Purpose: This study aimed to genetically characterize L. monocytogenes isolates obtained from bovine carcasses and beef processing facilities and to evaluate their adhesion capabilities.
Methods: DNA from twenty-nine L. monocytogenes isolates was subjected to enzymatic restriction digestion using AscI and ApaI. All isolates were evaluated for the adhesion capability in microtitre plates considering the following variables: inoculum concentration, culture media, carbohydrate source, NaCl concentration, incubation temperature, and pH. Results were compared by ANOVA and Tukey (P < 0.05).

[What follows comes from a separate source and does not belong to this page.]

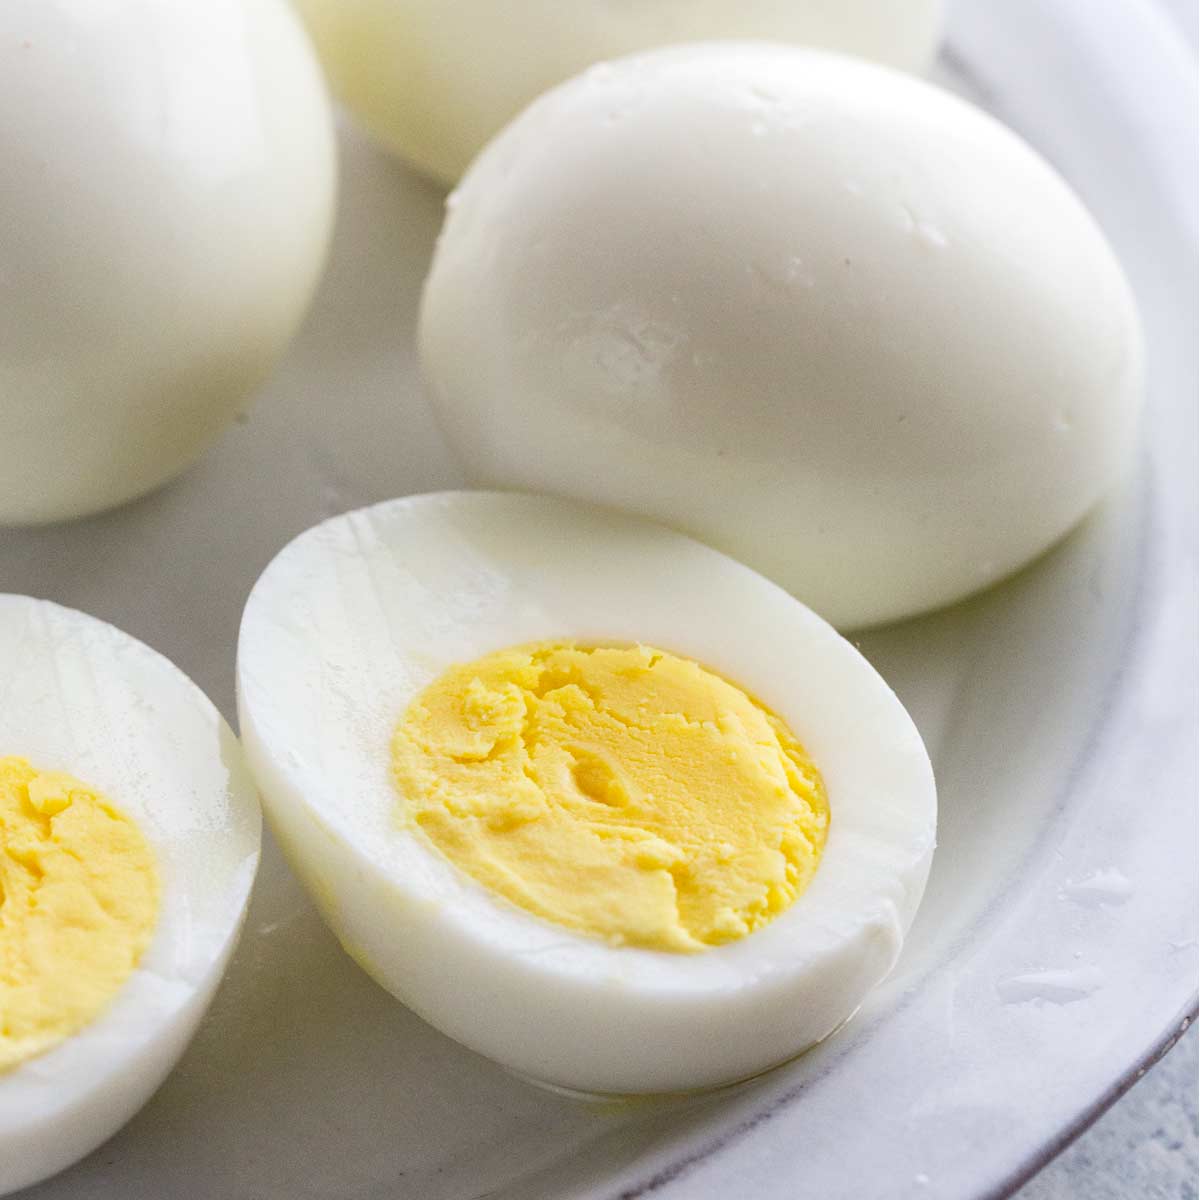 Luộc trứng, thêm vài giọt này vỏ tự động bong ra bất ngờ, trứng ngon mềm thơm - Ảnh 3.
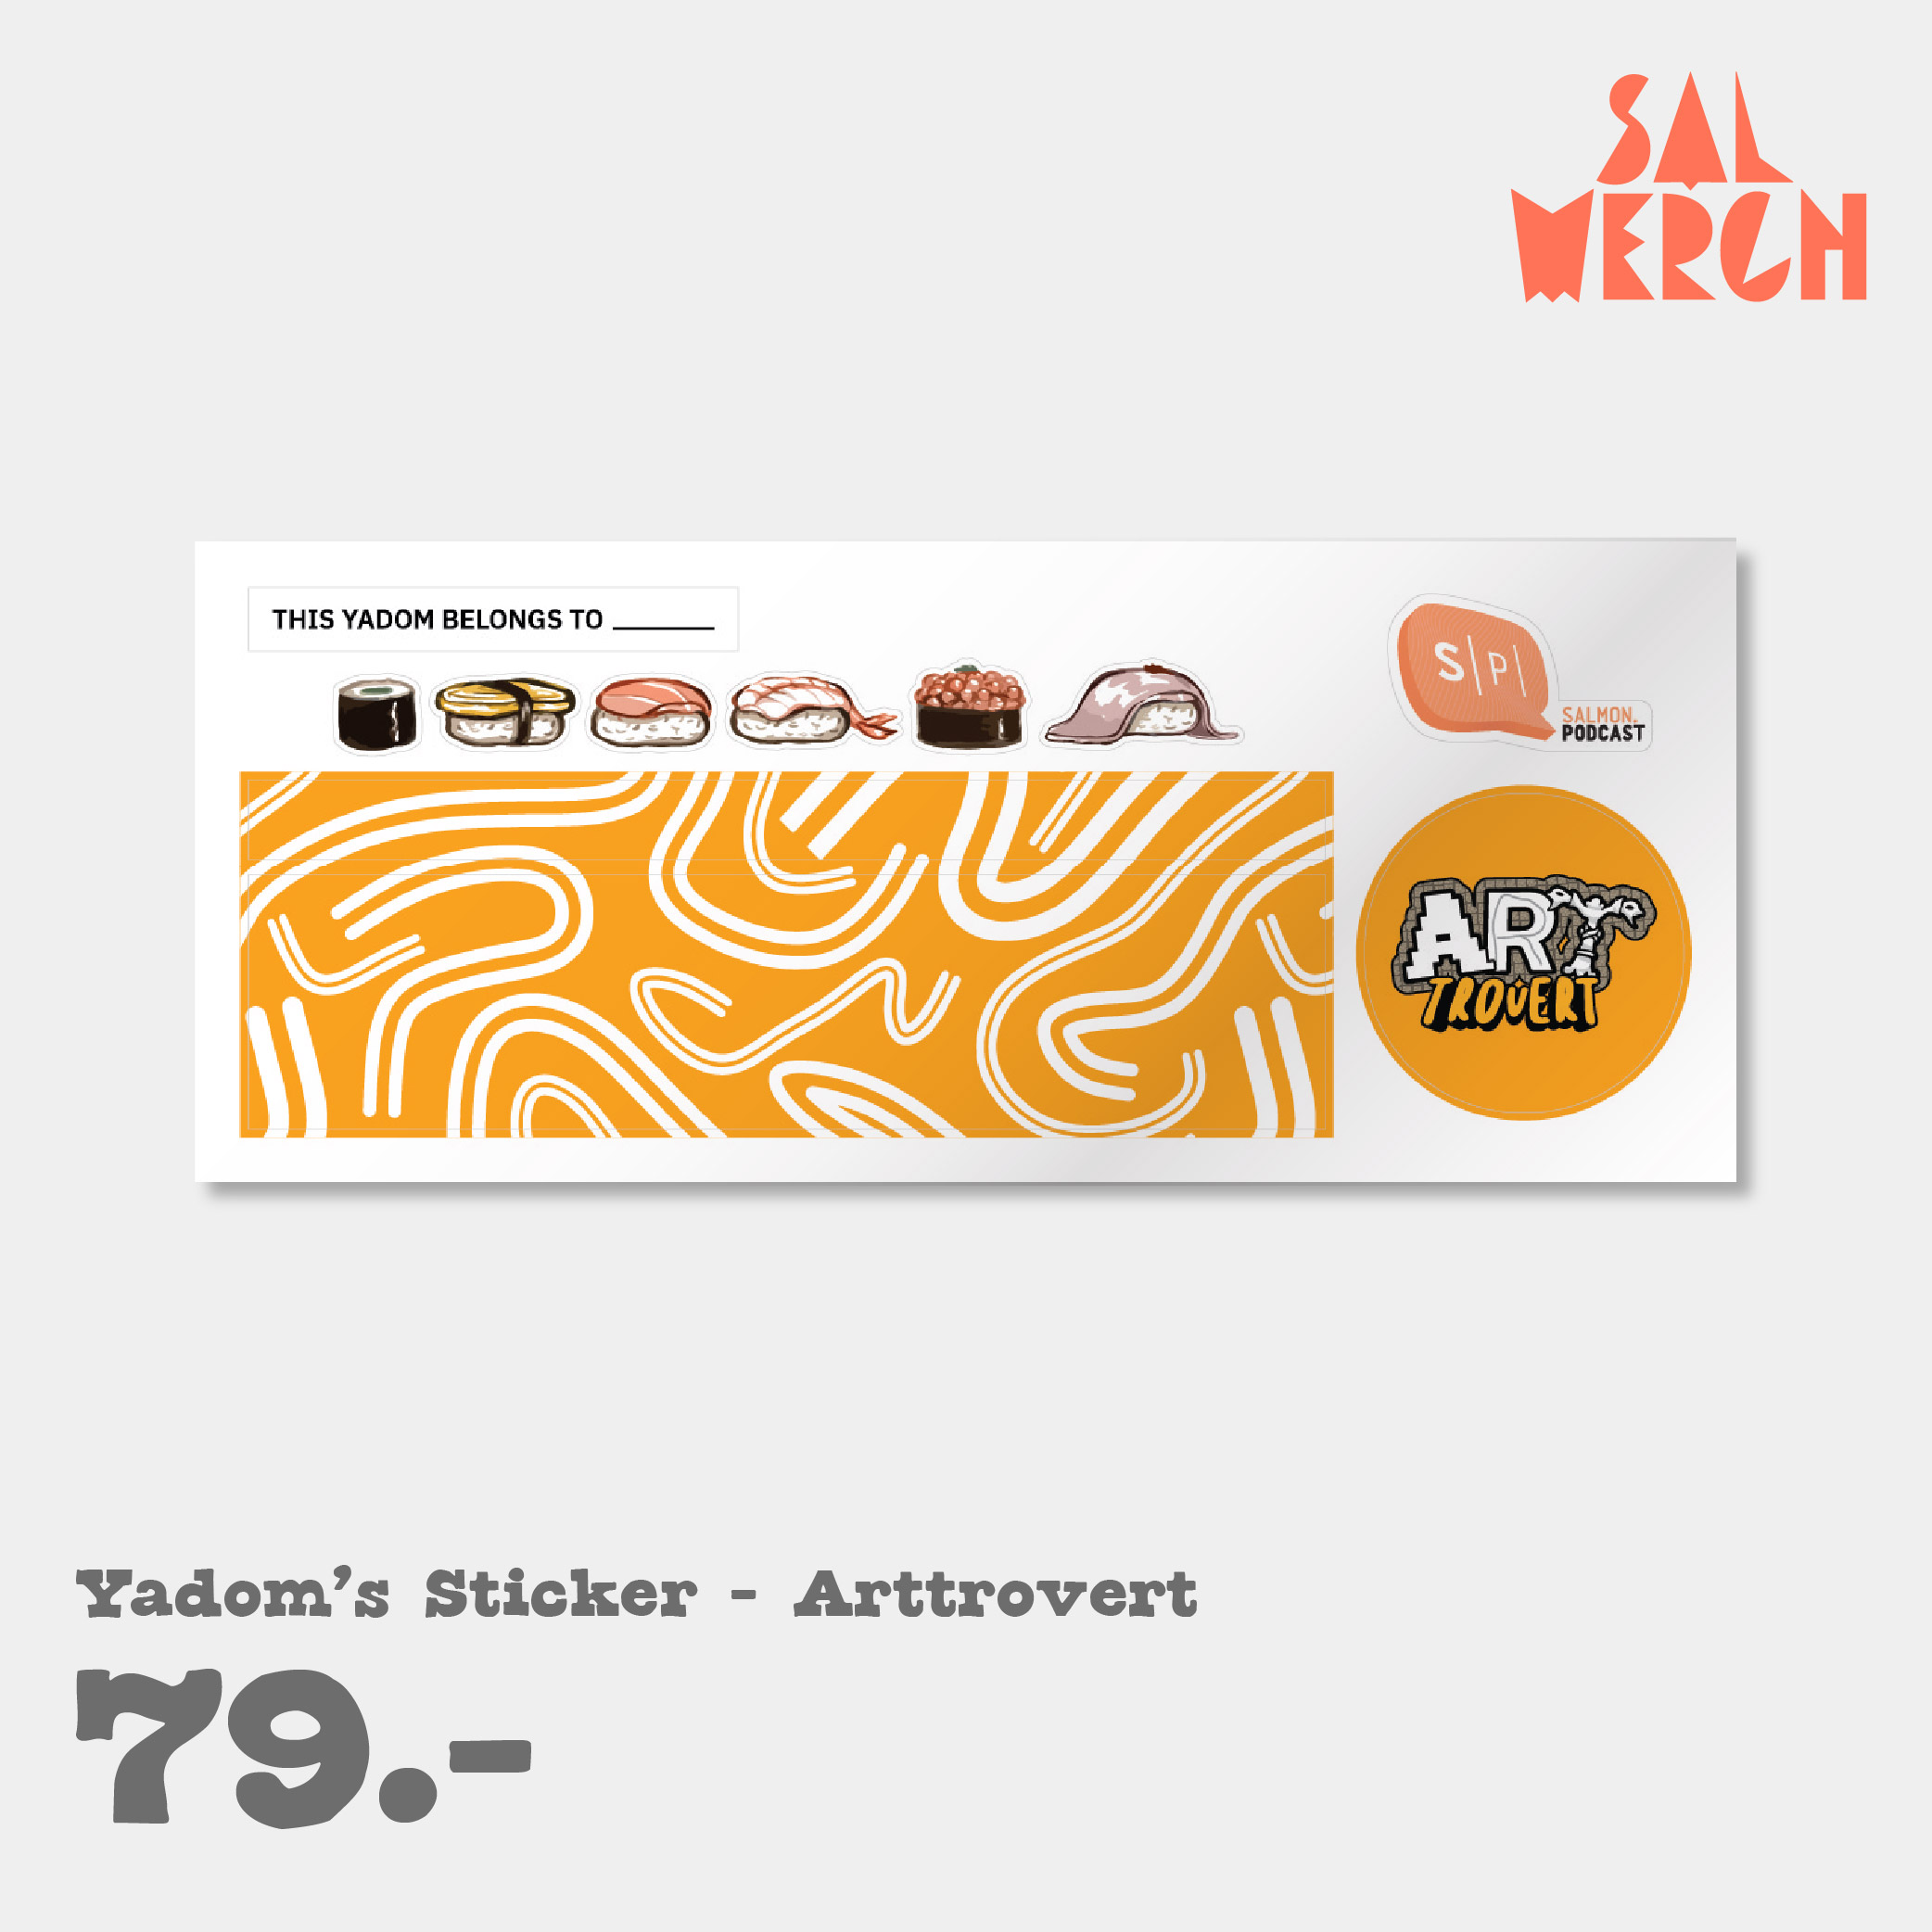 YADOM'S STICKER - ARTTROVERT

Results: Two clusters were identified for serotypes 4b and 1/2a, with similarities of 48% and 68%, respectively. The isolates presented best adhesion performance when tested at 8 log CFU/ml, being classified according to its capability as weak (8 isolates), moderate (17) or strong (4). The isolates showed higher adhesion capability in non-diluted culture media, medium at pH 7.0, incubation at 25 °C and 37 °C, and medium with NaCl concentrations of 5% and 7%. No relevant differences were observed for adhesion capability with respect to the carbohydrate source (P > 0.05).
Significance: The results indicated that despite a wide variation of characterized PFGE profiles, L. monocytognes adhesion might be related to optimal growing conditions.